Andrei Alexandrescu SeeWebsiteForEmail at erdani.org
Mon Jan 24 13:03:24 PST 2011


On 1/24/11 2:37 PM, Steven Schveighoffer wrote:
> On Mon, 24 Jan 2011 15:20:13 -0500, Andrei Alexandrescu
> <SeeWebsiteForEmail at erdani.org> wrote:
>
>> On 1/24/11 2:15 PM, Andrei Alexandrescu wrote:
>>> On 1/24/11 1:50 PM, Jens Mueller wrote:
>>>> Jonathan M Davis wrote:
>>>>> I think that it's been discussed a time or two, but nothing has been
>>>>> done about
>>>>> it. It wouldn't be entirely straightforward to do. Essentially,
>>>>> either a
>>>>> unittest block would have to be generated from the Examples section
>>>>> in the
>>>>> documentation, or you'd have to have some way to indicate that a
>>>>> particular
>>>>> unittest block got put into the documentation as an Examples section.
>>>>> It's
>>>>> certainly true that it would be ideal to have a way to avoid the
>>>>> duplication,
>>>>> but we don't have one at the moment, and it hasn't yet been a high
>>>>> enough
>>>>> priority to sort out how to do it and implement it.
>>>>
>>>> I see. I understand that it does not have high priority. Just wondered
>>>> whether ...
>>>>
>>>> Jens
>>>
>>> The change is much simpler than what Jonathan suggests. A change can be
>>> made such that any unittest preceded by a documentation comment is
>>> automatically considered an example.
>>>
>>> /**
>>> Example:
>>> */
>>> unittest
>>> {
>>> writeln("This is how it works.");
>>> }
>>>
>>>
>>> Andrei
>>
>> BTW I consider this a very important topic. We have _plenty_ of
>> examples that don't work and are not mechanically verifiable. The
>> reasons range from minor typos to language changes to implementation
>> limitations. Generally this is what they call "documentation rot".
>> This is terrible PR for the language.
>>
>> Changing ddoc to recognize documentation unittests would fix this
>> matter once and forever.
>>
>> Last but not least, the "----" separators for code samples are awful
>> because no editor recognizes them for anything - they confuse the hell
>> out of Emacs for one thing.
>
> This only makes sense if:
>
> 1. The unit test immediately follows the item being documented
> 2. The unit test *only* tests that item.

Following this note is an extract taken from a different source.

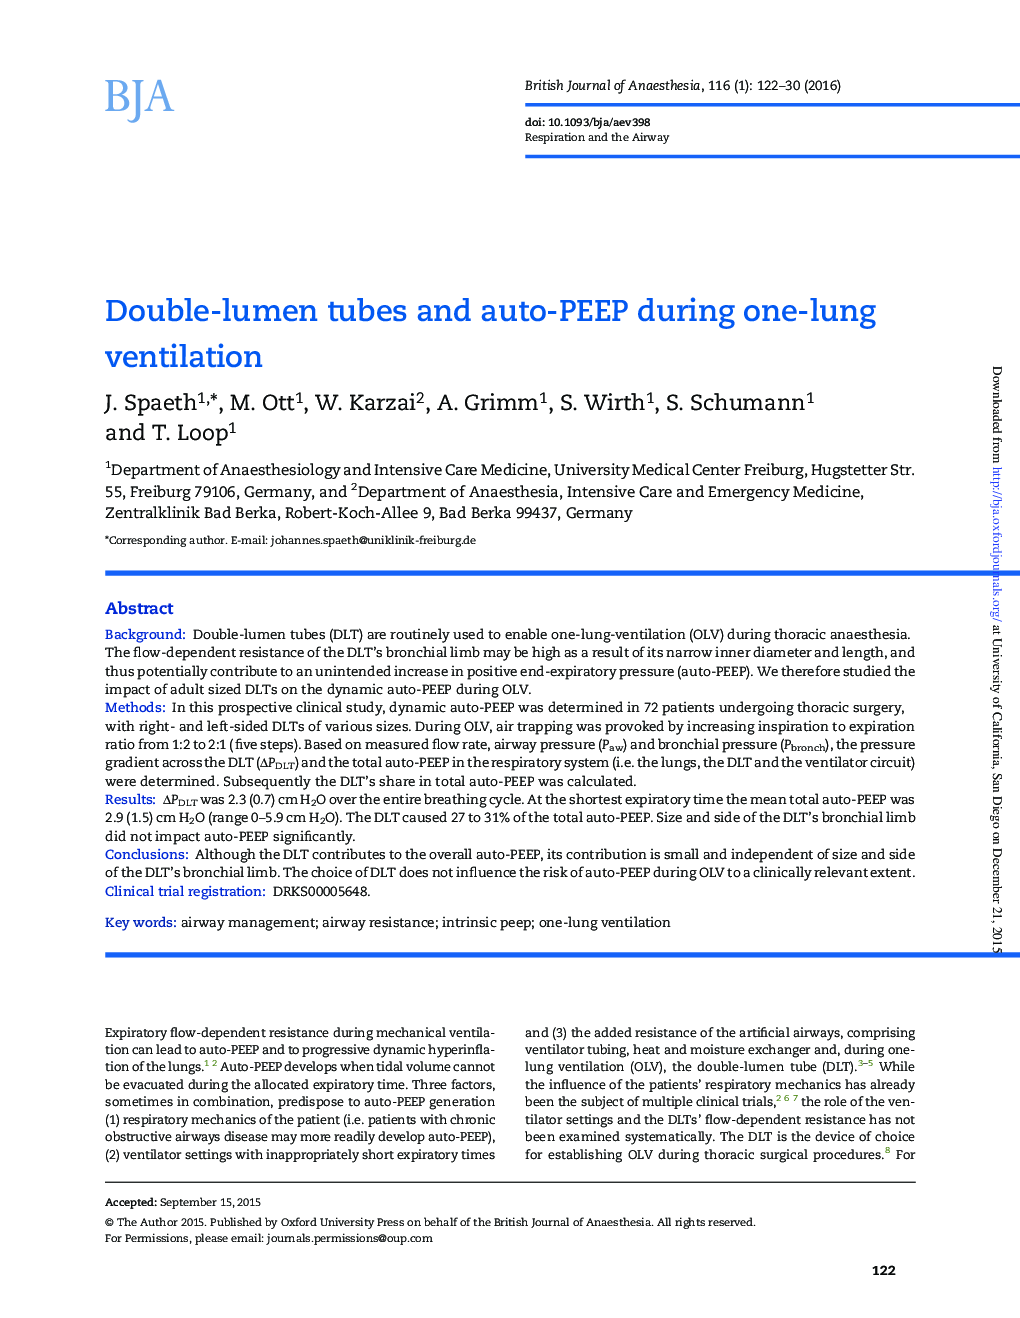 Double-lumen tubes and auto-PEEP during one-lung ventilation

That's the what current examples do for virtually all of Phobos.

> The second one could be pretty annoying. Consider cases where several
> functions interact (I've seen this many times on Microsoft's
> Documentation), and it makes sense to make one example that covers all
> of them. Having them 'testable' means creating several identical unit
> tests.
>
> One way to easily fix this is to allow an additional parameter to the
> comment:
>
> /**
> Example(Foo.foo(int), Foo.bar(int)):
> */
> unittest
> {
> auto foo = new Foo;
> foo.foo(5);
> foo.bar(6);
> assert(foo.toString() == "bazunga!");
> }
>
> The above means, copy the example to both Foo.foo(int) and Foo.bar(int)

Why would I force the reader to read the same example twice? And why 
would I run the same unittest twice?

> An alternative that is more verbose, but probably more understandable:
>
> /**
> Example:
> Covers Foo.foo(int)
> Covers Foo.bar(int)
> */
>
> Of course, a lack of target just means it applies to the item just
> documented.

I find documented unittests attractive mainly because they're _simple_. 
As soon as we start to add that kind of stuff... exponential decay.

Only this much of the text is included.